LightGBM binary classifier with TreeExplainer shap values output has changed to a list of ndarray


In [36]:
print("Shap values successfully computed.")

Shap values successfully computed.


## 4. Store the SHAP values as additional metadata for the saved model

Note: **Model metadata is limited in size. Because we're storing shap values for a sample of 1000 samples, this call is going through**, but it could be a problem in other cases.
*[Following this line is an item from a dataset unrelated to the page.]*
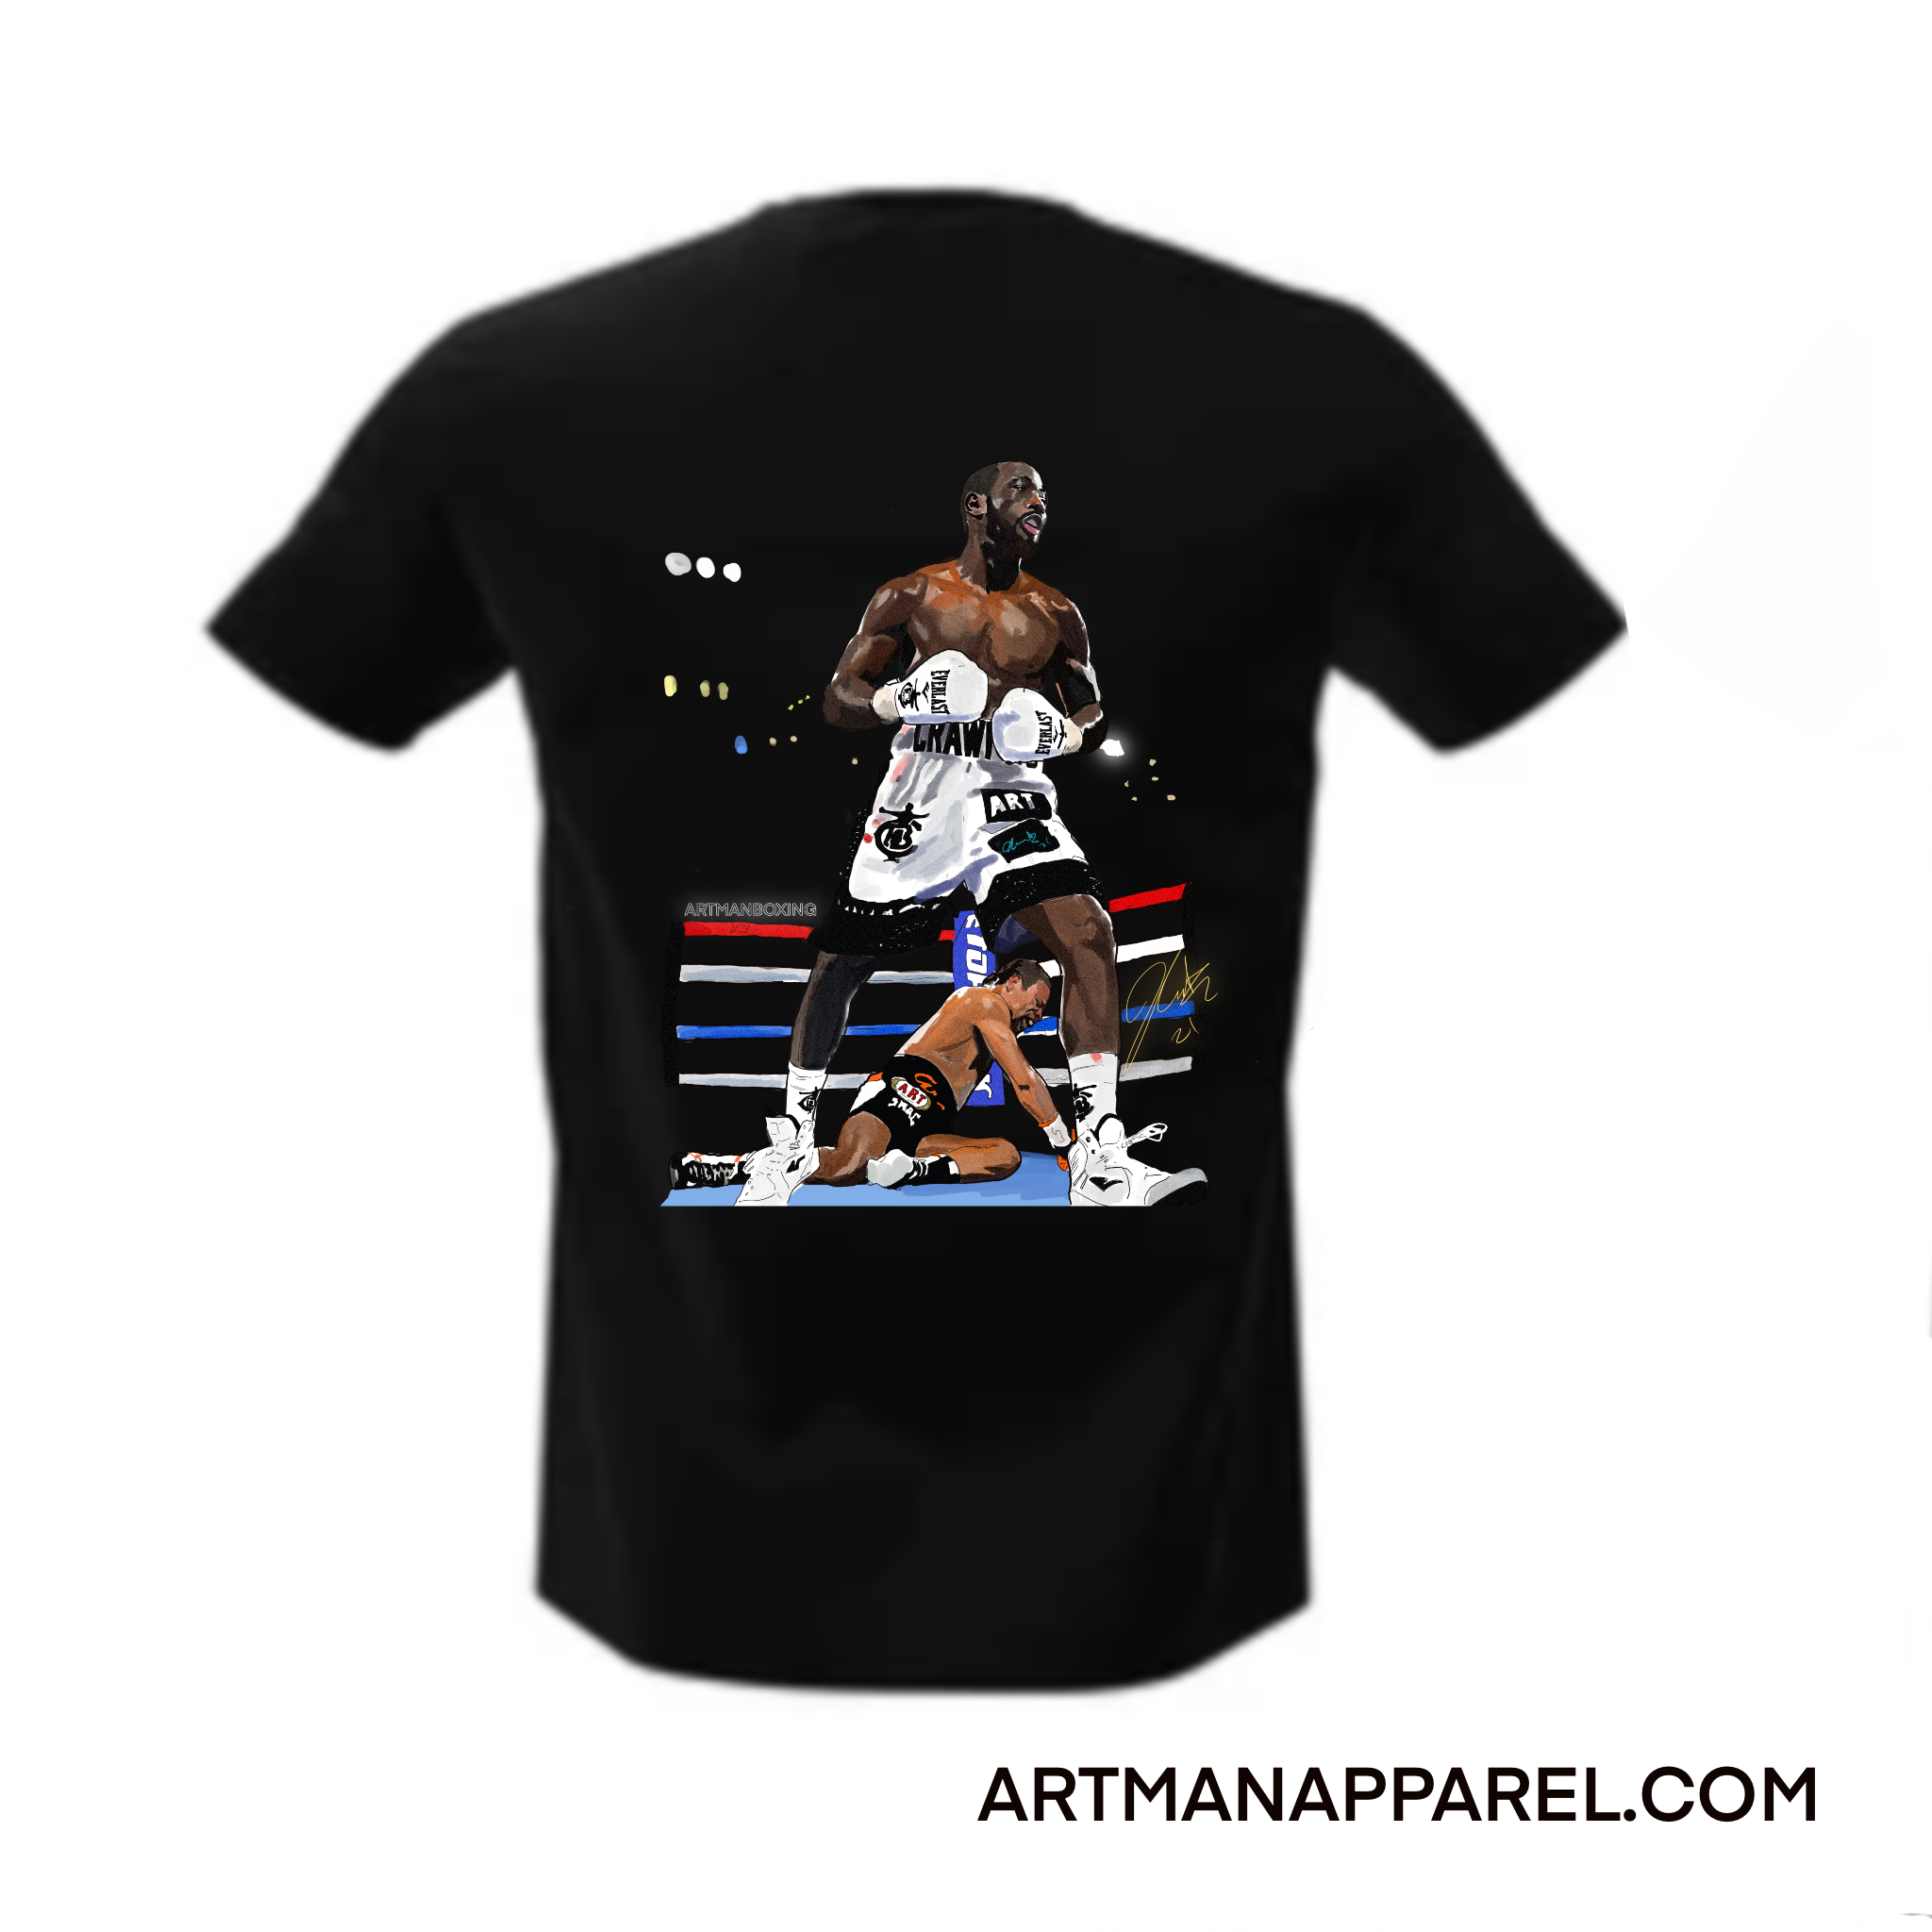 P4P status solidified (blk shirt )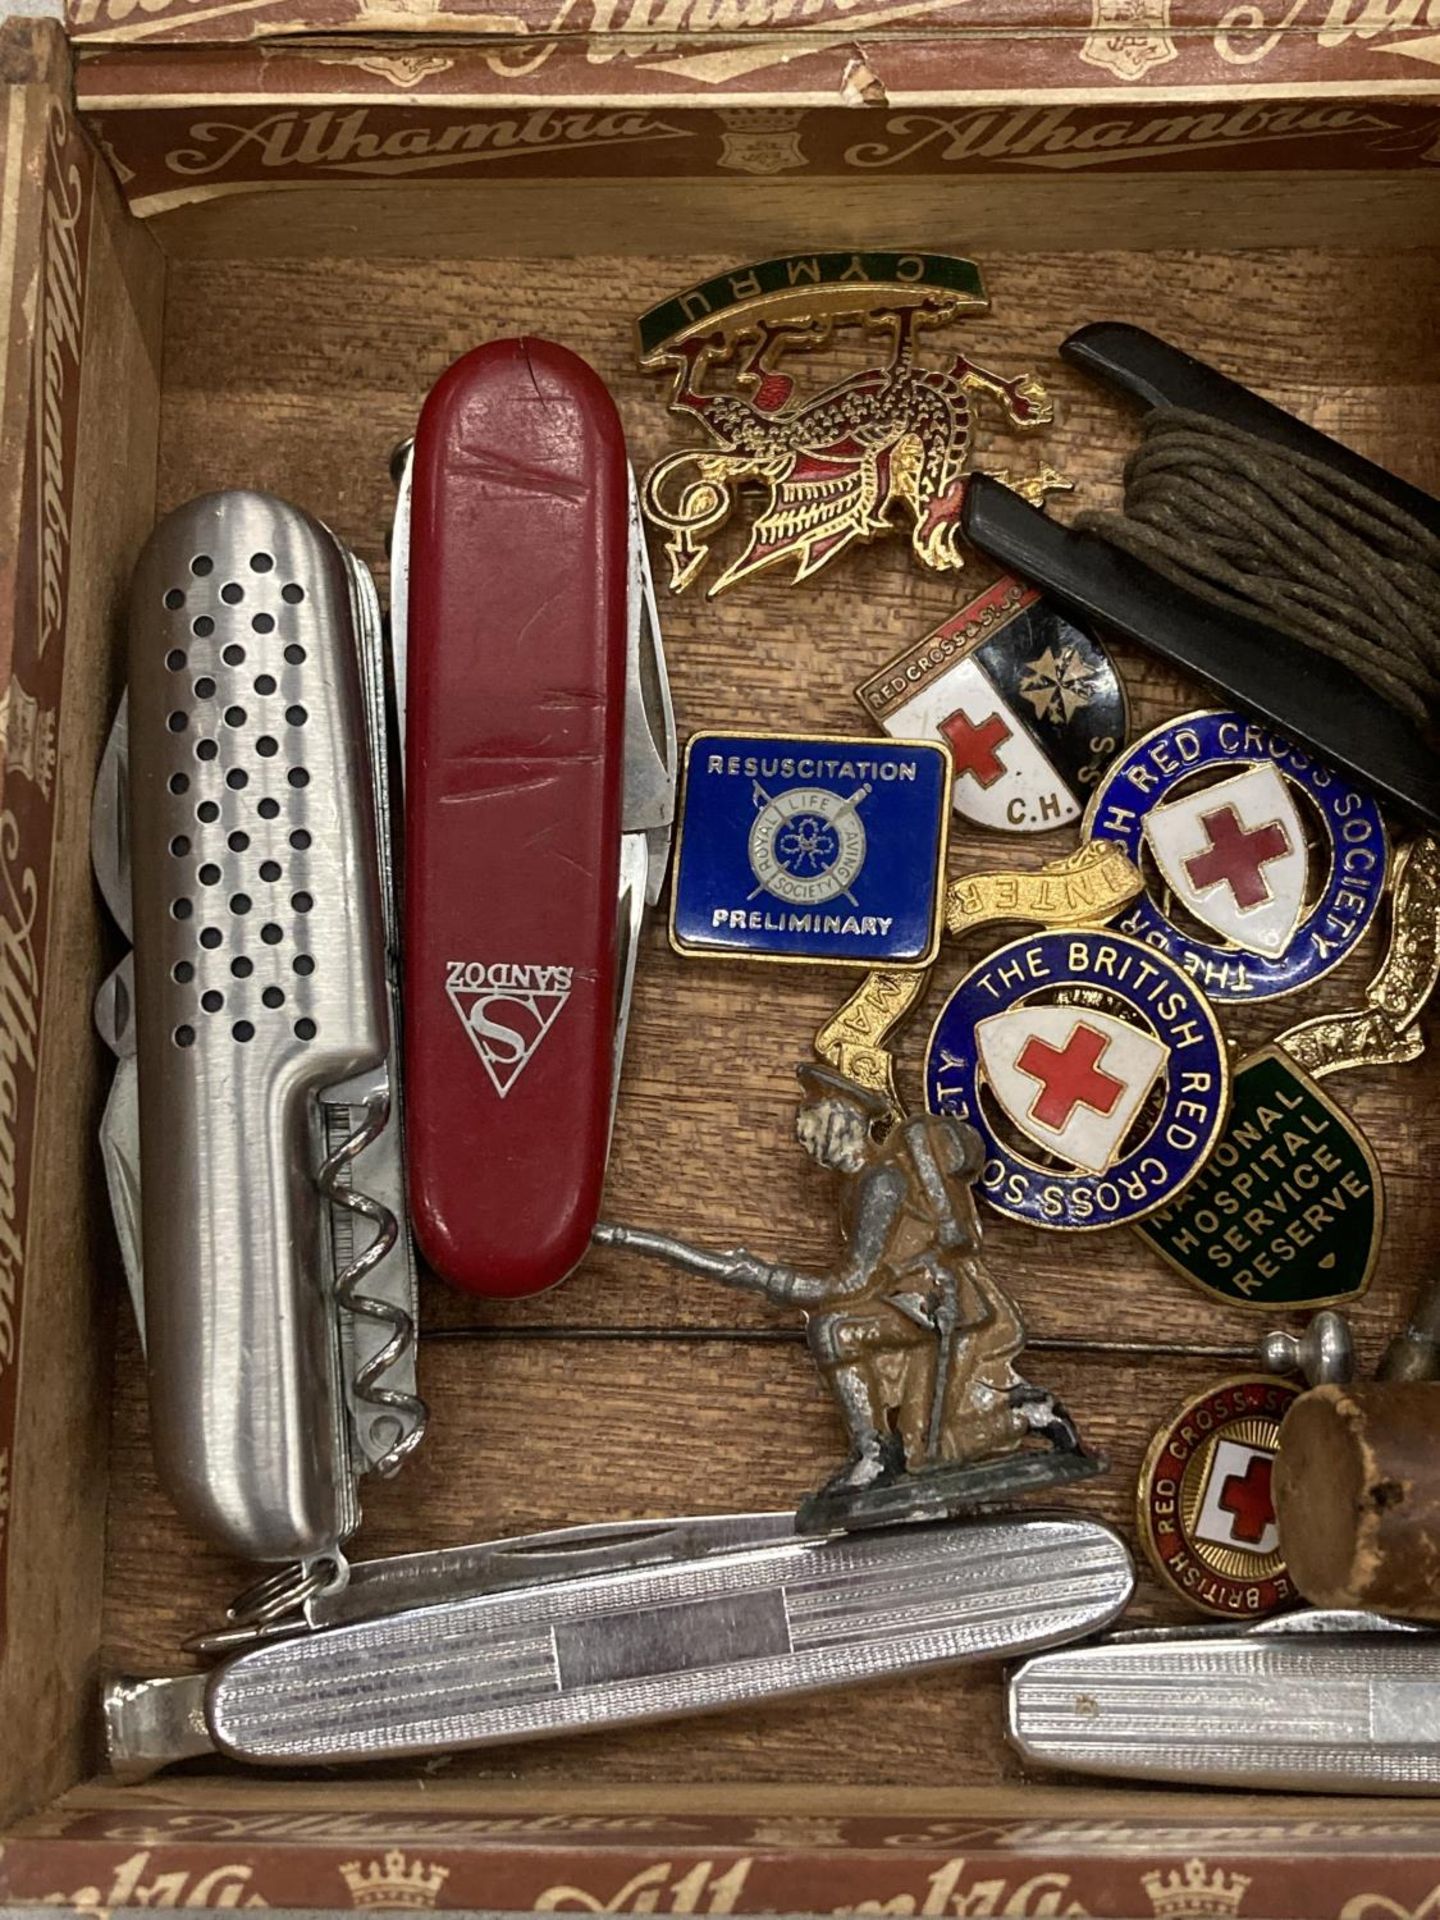 A CIGAR BOX CONTAINING VINTAGE PENKNIVES, RED CROSS BADGES, A BOTTLE STOPPER WITH WHITE METAL DUCK - Image 2 of 4

In such case the best solution would be to store the values as a data asset in the WML space for example, and store the id of that data asset below instead of the raw values.

In [34]:
meta_props = {
    client.repository.ModelMetaNames.CUSTOM: {
        'shap': {
            'feature_names': autoai_feature_names,
            'expected_value': exp.expected_value[1],  # only keep class 1
            'values': shap_values[1].tolist(), # only keep class 1; use tolist() to make it json serializable
            'data': X_prep.tolist()
        }
    }
}
new_model_details = client.repository.update_model(MODEL_ID, meta_props)

In [37]:
print("Shap values successfully stored as model metadata.")

Shap values successfully stored as model metadata.